** RECORDED INFORMATION **
*** Begin section ***

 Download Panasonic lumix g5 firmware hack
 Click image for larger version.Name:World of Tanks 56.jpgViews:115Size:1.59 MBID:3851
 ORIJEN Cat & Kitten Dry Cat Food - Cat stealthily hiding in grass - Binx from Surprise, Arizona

*** End section ***
*** Begin section ***

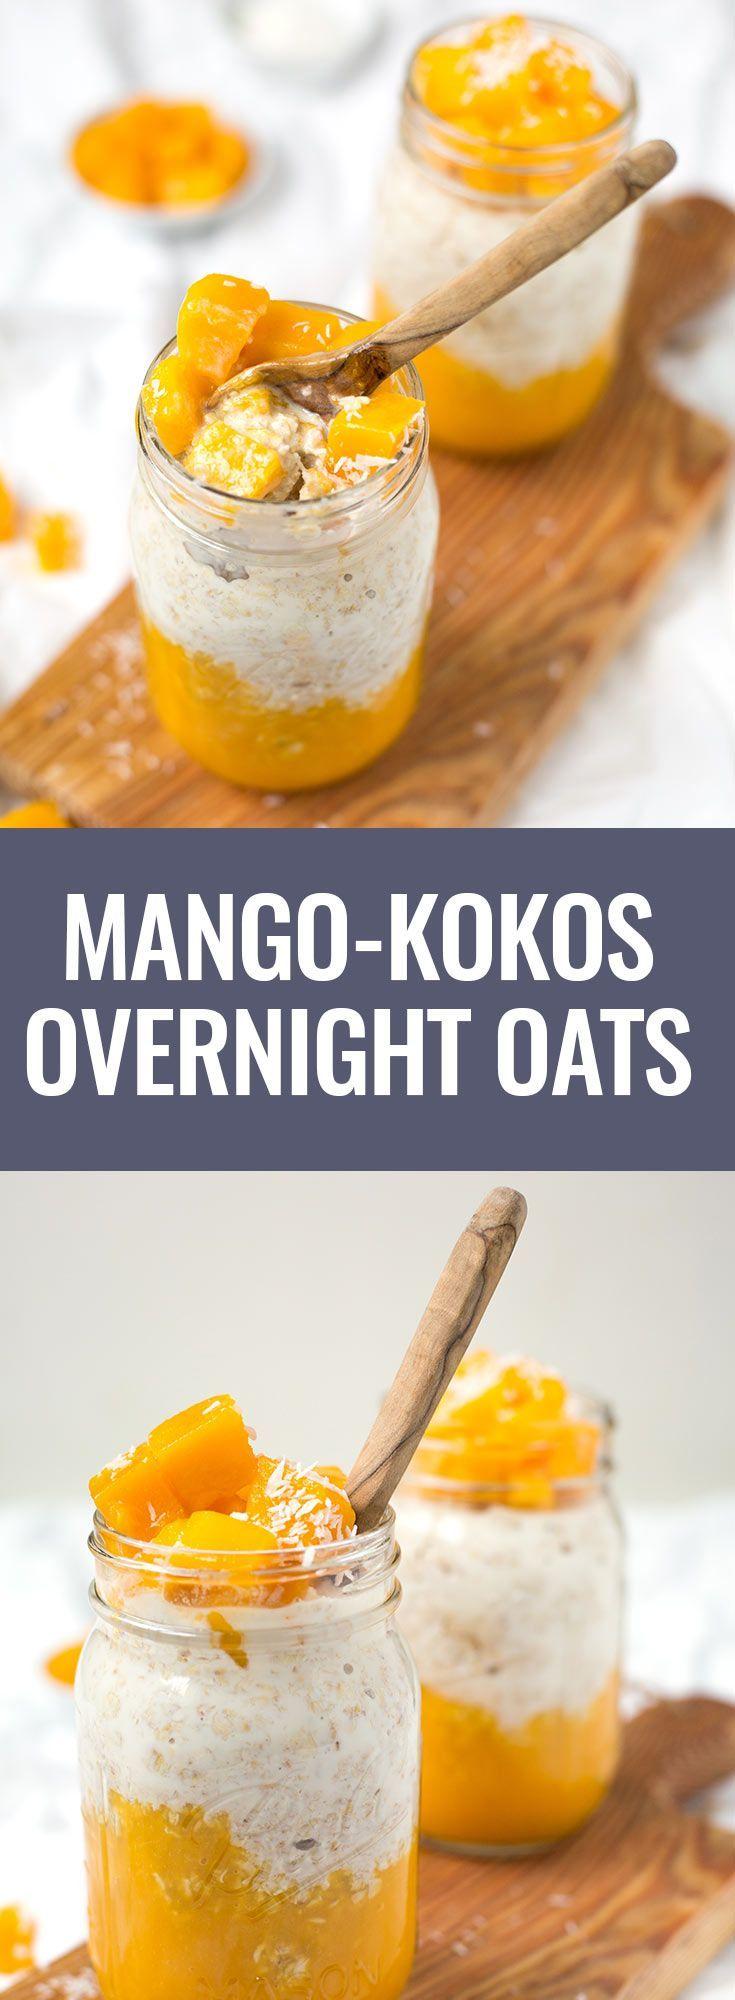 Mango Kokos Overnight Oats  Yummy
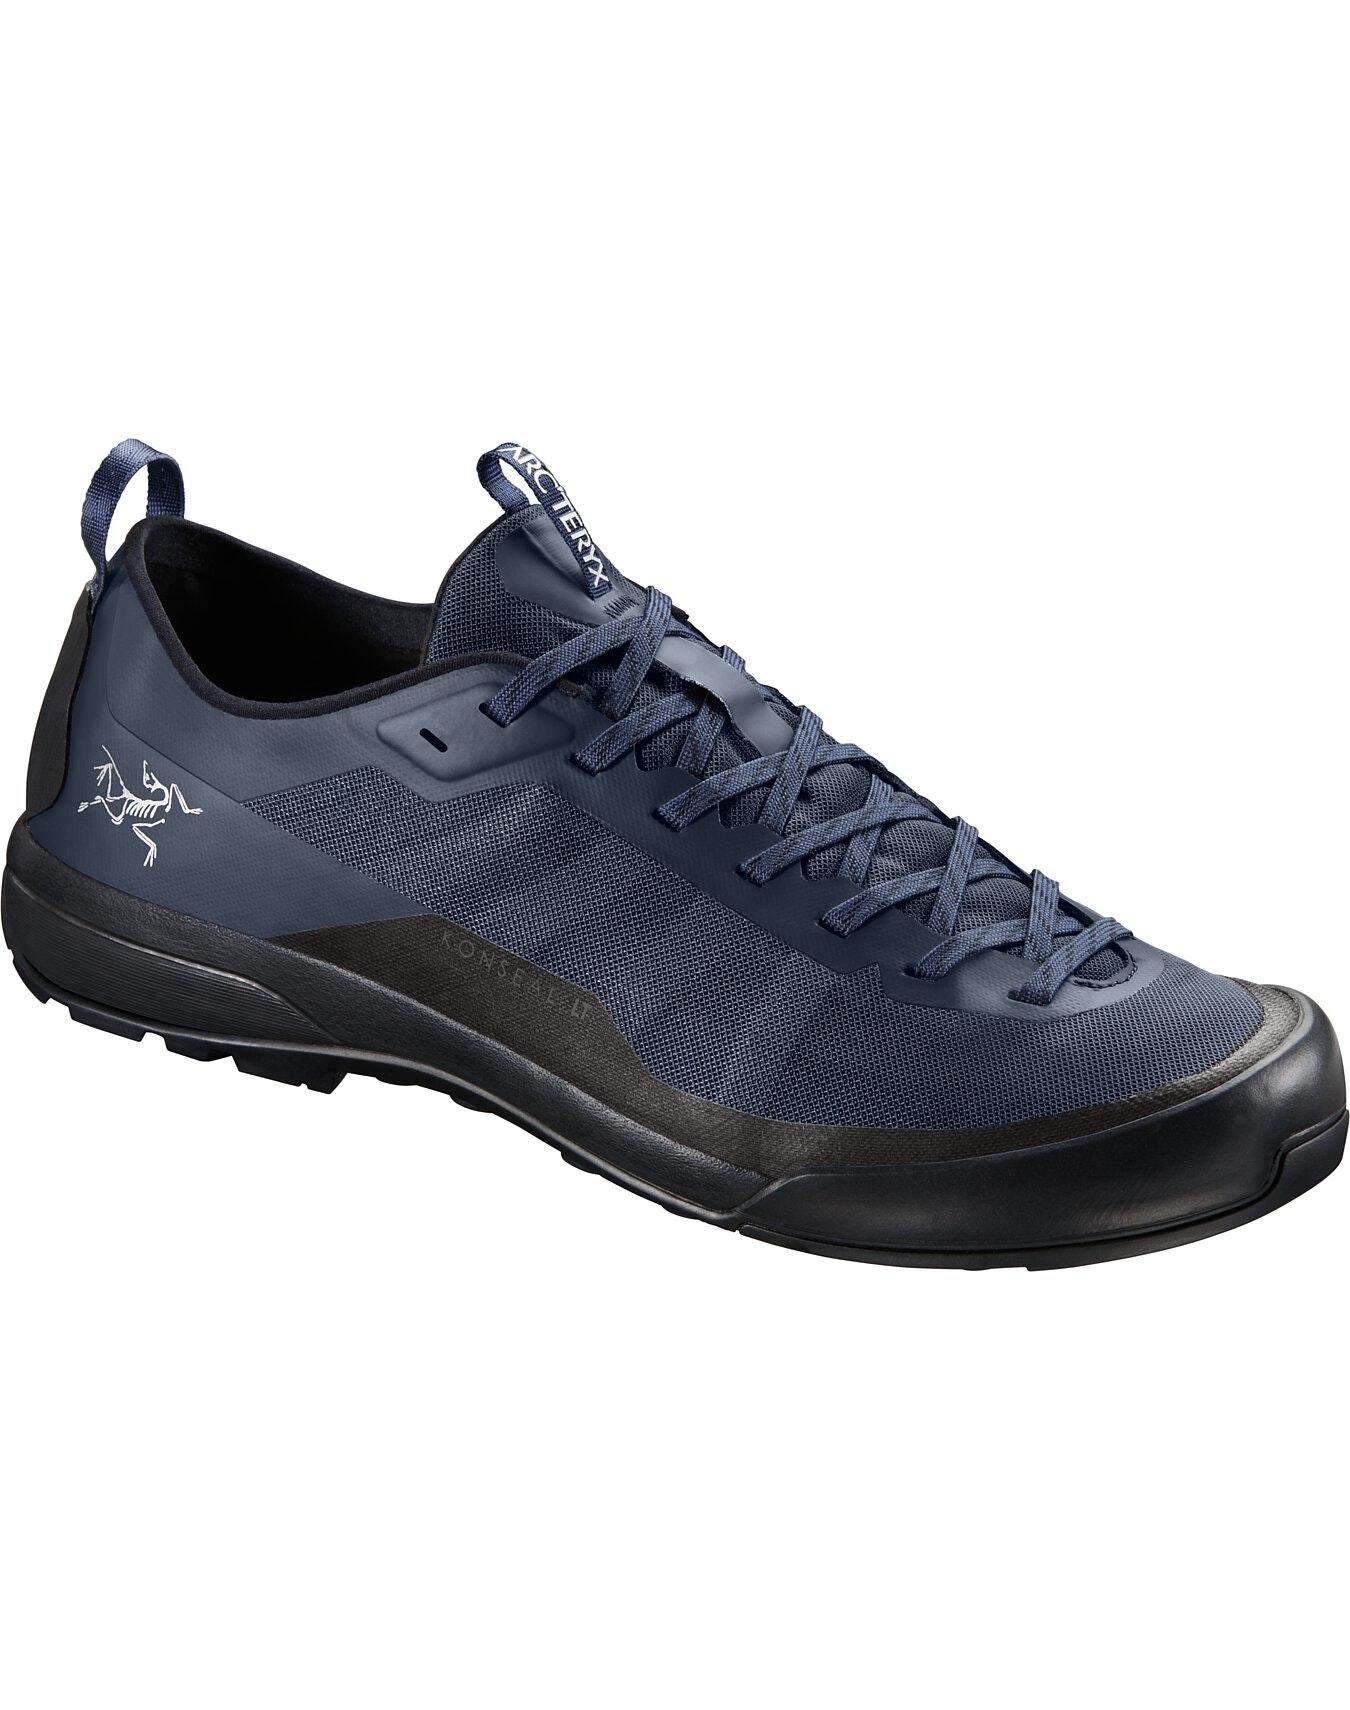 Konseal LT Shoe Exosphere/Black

*** End section ***

Start with the line above that contains "Download Panasonic lumix g5 firmware hack" and stop after the line that contains "ORIJEN Cat &". Output those lines exactly, and only those.

** ANSWER SPACE **
 Download Panasonic lumix g5 firmware hack
 Click image for larger version.Name:World of Tanks 56.jpgViews:115Size:1.59 MBID:3851
 ORIJEN Cat & Kitten Dry Cat Food - Cat stealthily hiding in grass - Binx from Surprise, Arizona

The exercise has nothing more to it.